Залп пробок ударил в потолок, зазвякали граненые стаканы, и первый тост, как на корабле — «За тех, кто в море» — торжественно произнес автор «Капитального ремонта» капитан первого ранга Леонид Соболев. Второй тост был, конечно, за юбиляра.

— Сергей! Такое никогда больше не повторится! Тебе отсалютовал сигнал севастопольского морзавода — «Воздушная тревога»!..

Забряцали граненые стаканы, и полился вместе с шампанским поток сердечных поздравлений дорогому другу Сергею Алымову.

Ради такого исключительного случая был поднят тост при погашенном свете с зажженным в стаканах мандариновым спиртом. Все подняли наполненные голубым огнем стаканы. За шторами с небольшими промежутками рвались где-то — то далеко, то близко бомбы. Голубой огонек таинственным светом вырывал из темноты лицо каждого.

Время летело быстро. Несколько раз врывались тревога и отбой. Падали близкие и далекие бомбы, дрожали стены и гас свет. На смену ему загорался синим огнем мандариновый спирт. При загадочном сиянии послышались тяжелые аккорды. Борис Мокроусов заиграл четырнадцатую сонату — «Лунную». Все замолчали. Перемежались отдельные вздохи падающих бомб и трагические аккорды Бетховена. Каждый из нас вернулся в свой мир, далекий от войны, от Севастополя. Неожиданно зажегся свет. На стене как-то четко высветился в массивной раме портрет Сталина.
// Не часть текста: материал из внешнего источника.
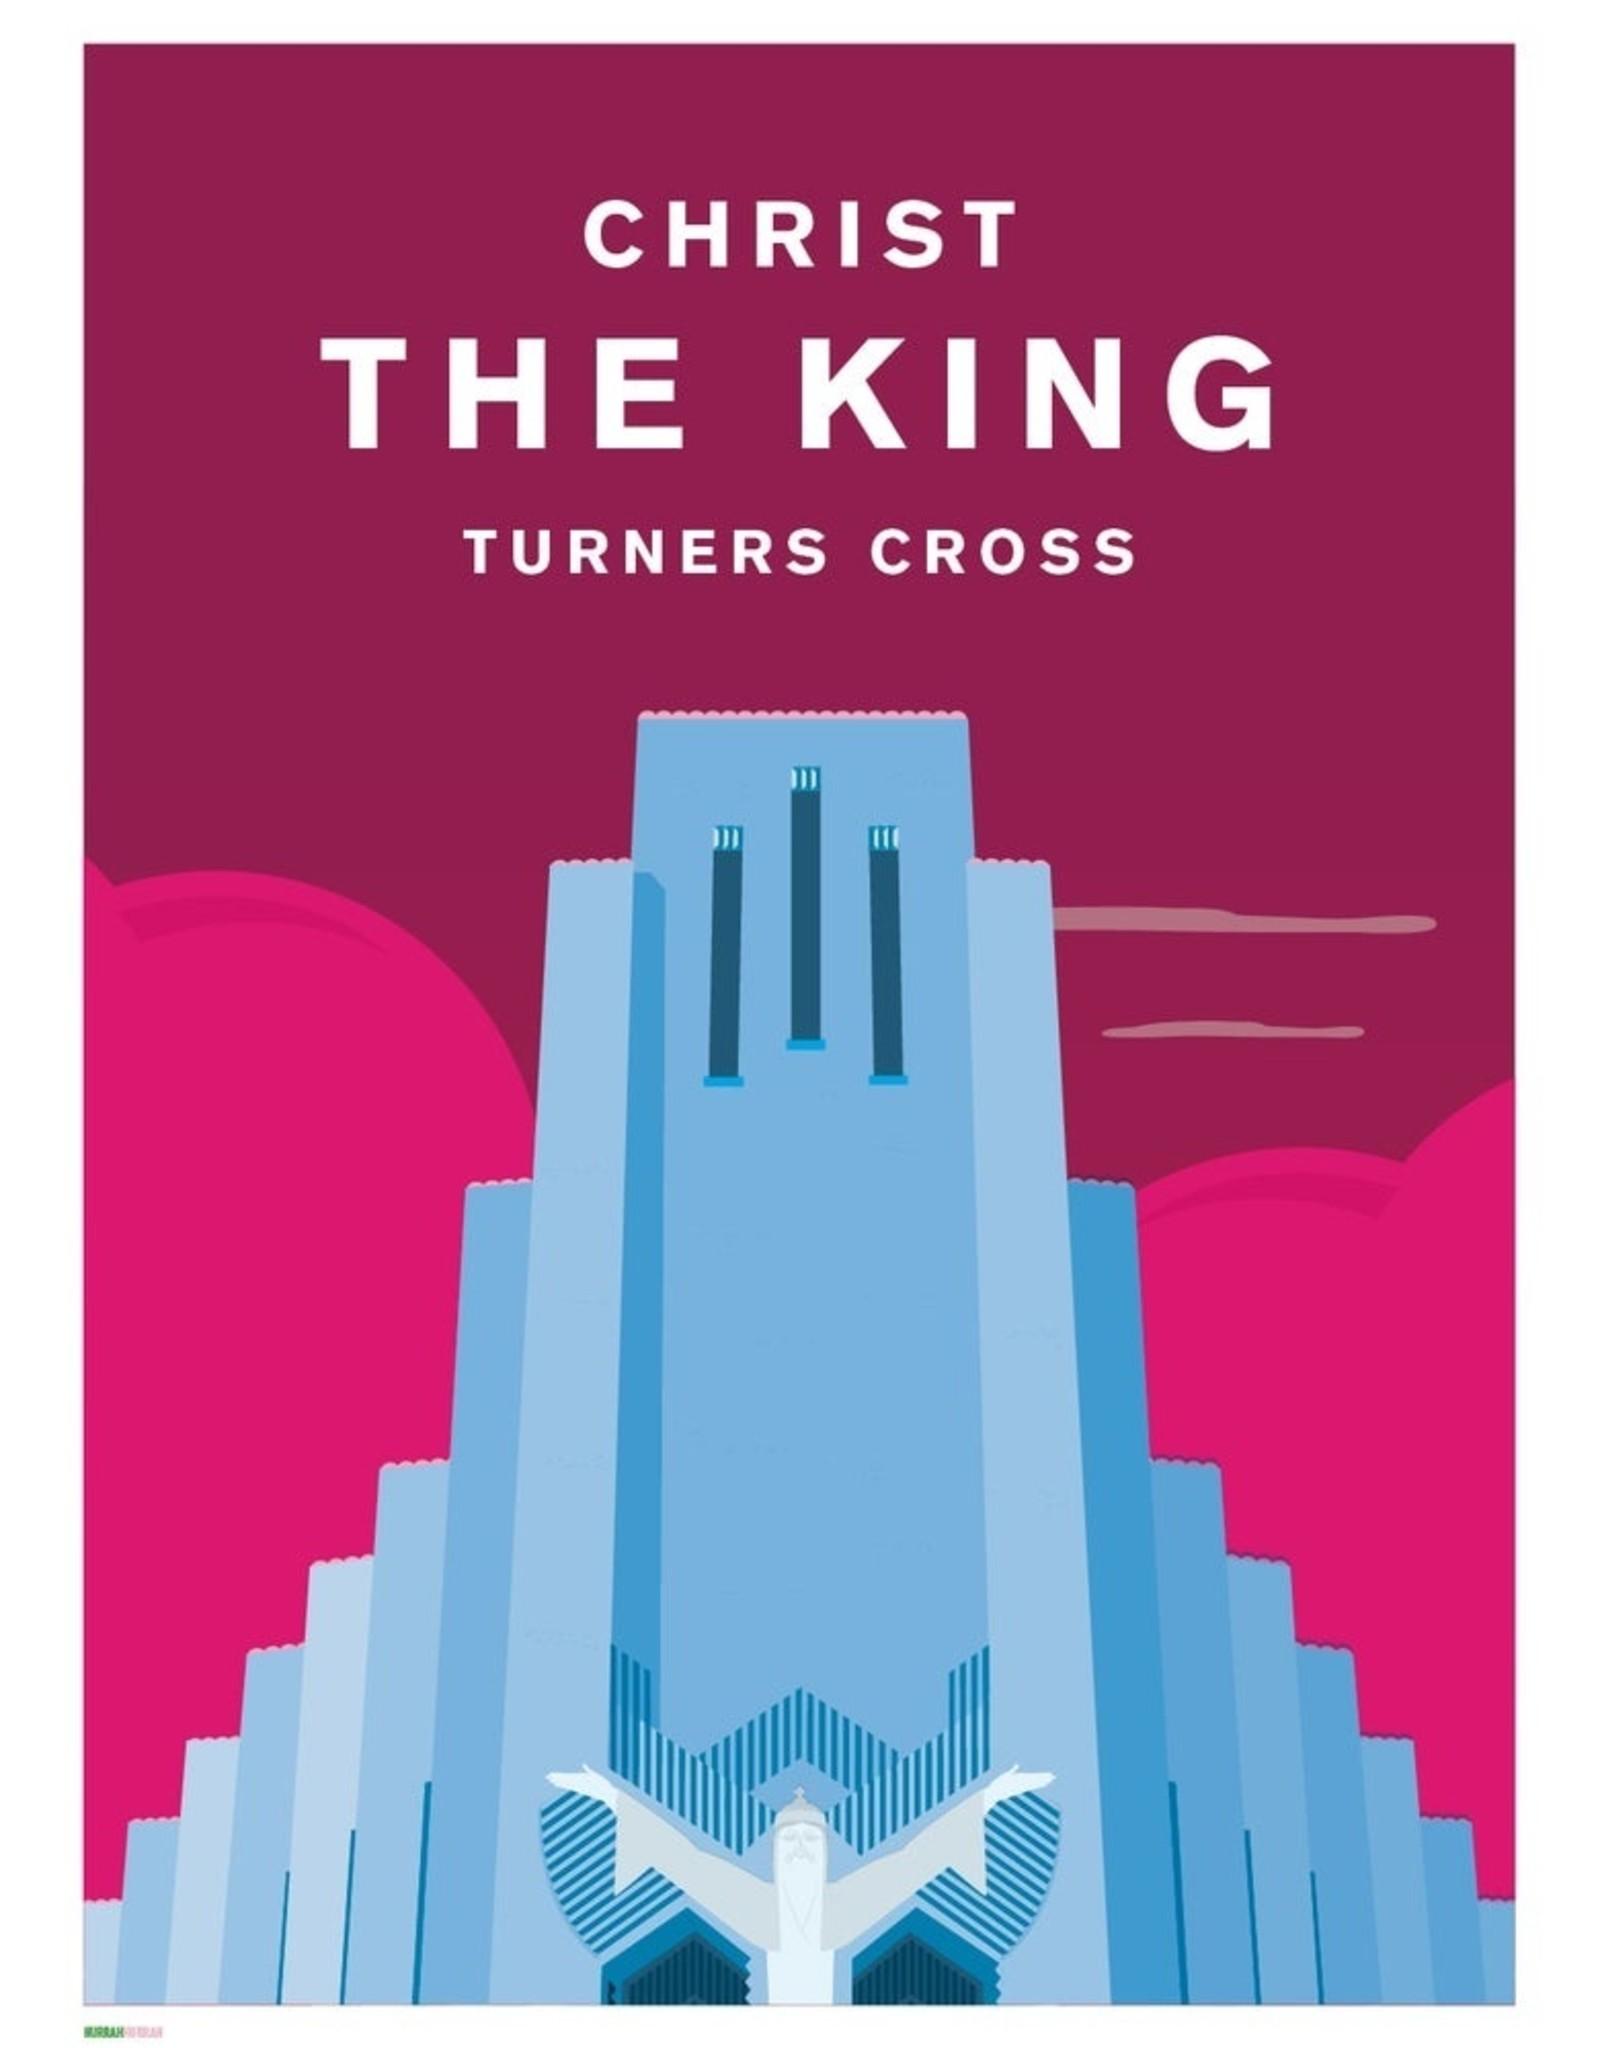 Hurrah Hurrah Hurrah Hurrah Print Christ The King Turners Cross

Его взгляд, устремленный на нас, мне показался каким-то странным — живым. Таким я видел его на киносъемке в Москве… Вдруг стремительно вскочил из-за стола Сергей Алымов. Зазвенели и посыпались на пол бутылки шампанского, стаканы. Он выхватил из кобуры наган и не целясь, один за другим всадил все семь зарядов в портрет Сталина. От него на стене, кроме рамы ничего не осталось.

Наступила тяжелая тишина, даже за окнами. Никто не мог вымолвить ни слова. За окнами особенно громко рявкнула воздушная тревога и погас свет. Мои гости один за другим стали уходить. Последним молча ушел Сергей Алымов.

Я остался один на один с расстрелянным Сталиным… Странно, я был совершенно трезв, будто и не пил ни капли. Что делать? Как жить дальше?.. Я открыл окно и впустил в комнату рассвет…

Вошел Левинсон.

— Владик! Немедленно едем на передовую! Там придем в себя!

Он снял пустую раму. Стена была глубоко ранена пулями. К вечеру мы вернулись с передовой. При встрече со всеми участниками на ужине в кают-компании все происходило, как всегда. Будто совсем ничего не случилось. Севастополь плохих не держит!